My mom and her sister were married within six months of each other and, because money was tight, they agreed to share a wedding dress. My mom got married first and, after her sister got married, asked if she could keep the dress at her house to make sure it stayed nice. The dress never made its way back to my mom, and she found out a year later that it was destroyed in a basement flood.

If you had asked my mom if she wanted a replacement dress — a copy of the original, but not the one she had worn — she would have said no. It wasn’t the gown itself that was irreplaceable, but the love, memories, people, and story behind it.

God sees us the same way: irreplaceable.

He sees our lives as unique and precious, and He’s not looking to start over. I love this quote from Pastor Scotty Smith:

“God’s name is Redeemer, not Re-doer.
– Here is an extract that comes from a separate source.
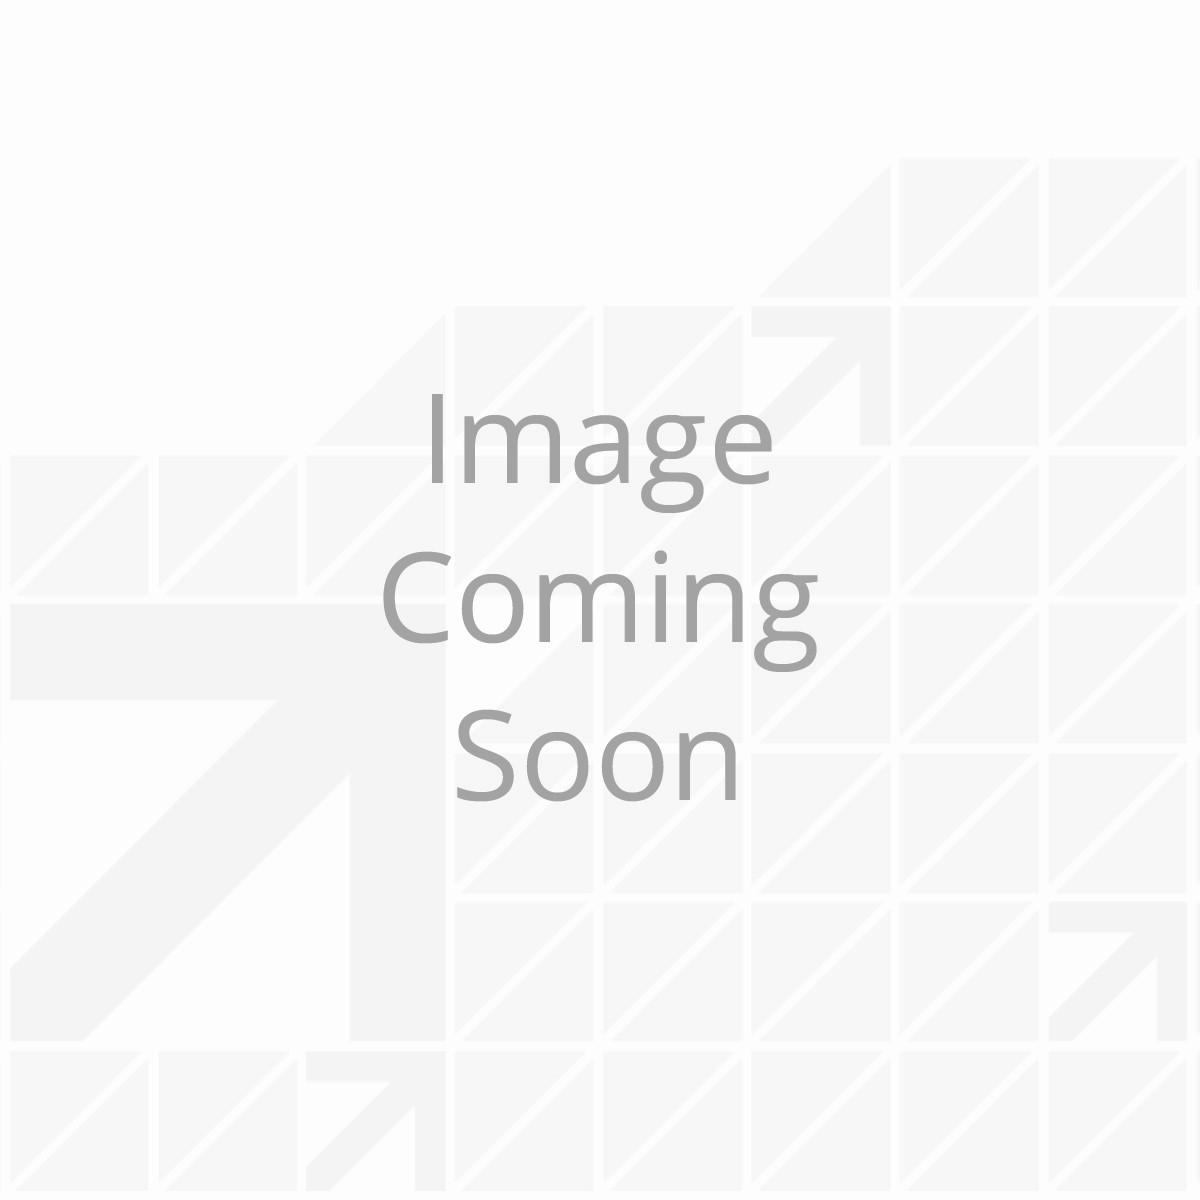 141323_Hex-Plug_001

Jesus is making all things new, not all new things.”

God loves you and your one and only life. He created you with intention and gave you special gifts and talents. When He sees you, He doesn’t want to throw everything away and start over. He wants to work within your life, showing you Himself, and weaving the threads of your life into something beautiful. Nothing is beyond His redemption. I find this kind of love to be overwhelming in both its magnitude and specificity.

Author and theologian Dallas Willard has said that it is a wrong thought that God is too great to be bothered by the small details of our lives. Instead, he says, it’s the very greatness of God that allows Him to be aware of and care for every aspect of our lives. Nothing is too small for God’s loving care. Surrender both the big and little parts of your life to God in prayer, knowing that, in His great love, God will continue to make all things new.